Awesome news! You must be delighted. We have been doing a lot of work with Responsive Design, SASS, Compass etc. Some aspects of our work will be contributed and should be of interest to you. Can we open a dialogue?

I assume you will be making Drupal 7-compatible contributed projects for your work. As I said in an earlier comment about, I love seeing new mobile-related solutions in the D7 contrib space. The Drupal 7 contrib work will directly affect the Drupal 8 Mobile Initiative work.

It's not relevant to drupal, but I would argue that for web developers there is one more relevant step in the spectrum from website to native app, and that is the HTML / JS based apps that run locally in a wrapper on the client. PhoneGap is the project that pioneered this approach. PhoneGap is basically a web browser with deep hooks into the native OS so that it can offer your HTML and JS code that you bundle with it access to the camera, microphone, gyroscope, filesystem etc.. It may not have anything to do with drupal directly, but it is a part of the competitive landscape. With this approach, someone with only web development skills could deploy a "native" app that could act as a client for a drupal webservice for instance.

PhoneGap and Appcelerator Titanium are two hybrid approaches that allow you to take HTML5 web apps and bake them into a native app wrapper. You can read about how the recent Drupalcon's Native apps were written using that approach:

I didn’t list those technologies as separate building styles since they are combo of two I listed. But I also didn't explicitly mention them either, so I’m glad you brought them up! :-)

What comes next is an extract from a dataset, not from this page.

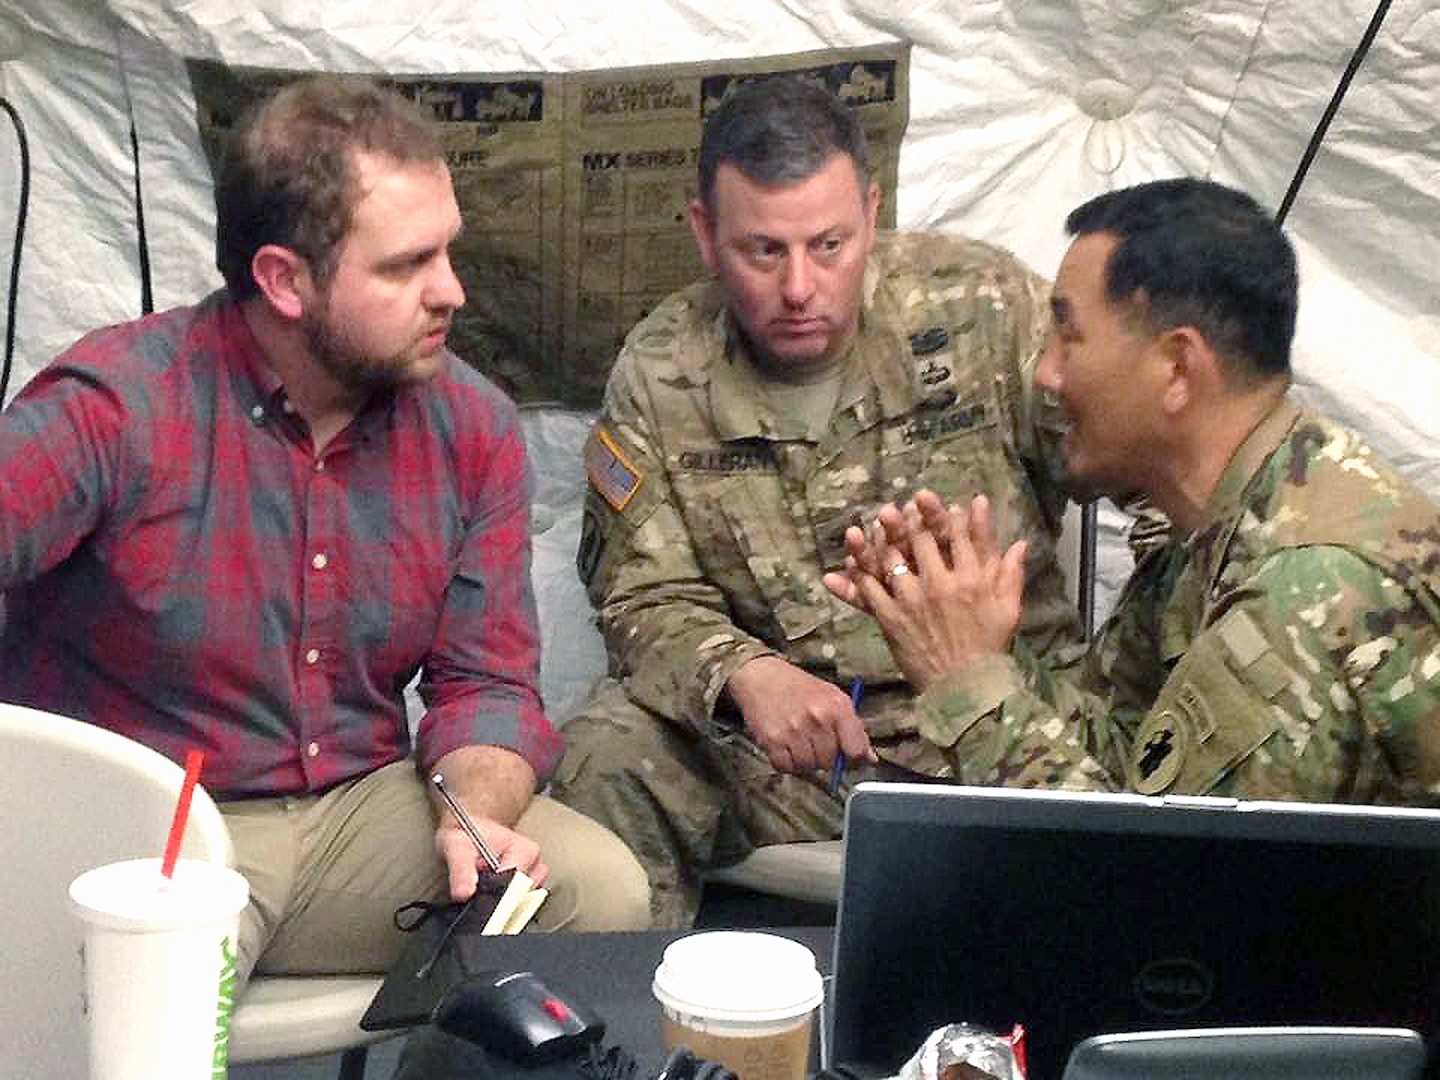 Maj. Gen. K.K. Chinn (right), U.S. Army South commanding general, speaks to Alex Horton (left), a Stars & Stripes reporter, as Col. Thomas Gilleran (center), the Army South public affairs officer, listens Aug. 3 at Fort Sam Houston. The interview was part of a media day for the Multi-National Forces-South component of the annual PANAMAX exercise.

This mobile initiative is really great news. And I think it is also a very challenging one since mobile can means so many different things to many people. So defining priorities and solutions for Drupal to be stronger in the mobile space will be definitely one of the big tasks.

I would be happy to share my lessons learned while working on Mobile Tools, so looking forward to hear more about the initiative.

Good luck with this mission!

Nice post and congrats on the initiative. I'm really excited about this. My head has been completely in the "one web" space lately seeing of a responsive approach can really become the de facto web design technique. Many challenges, but so many exciting rewards!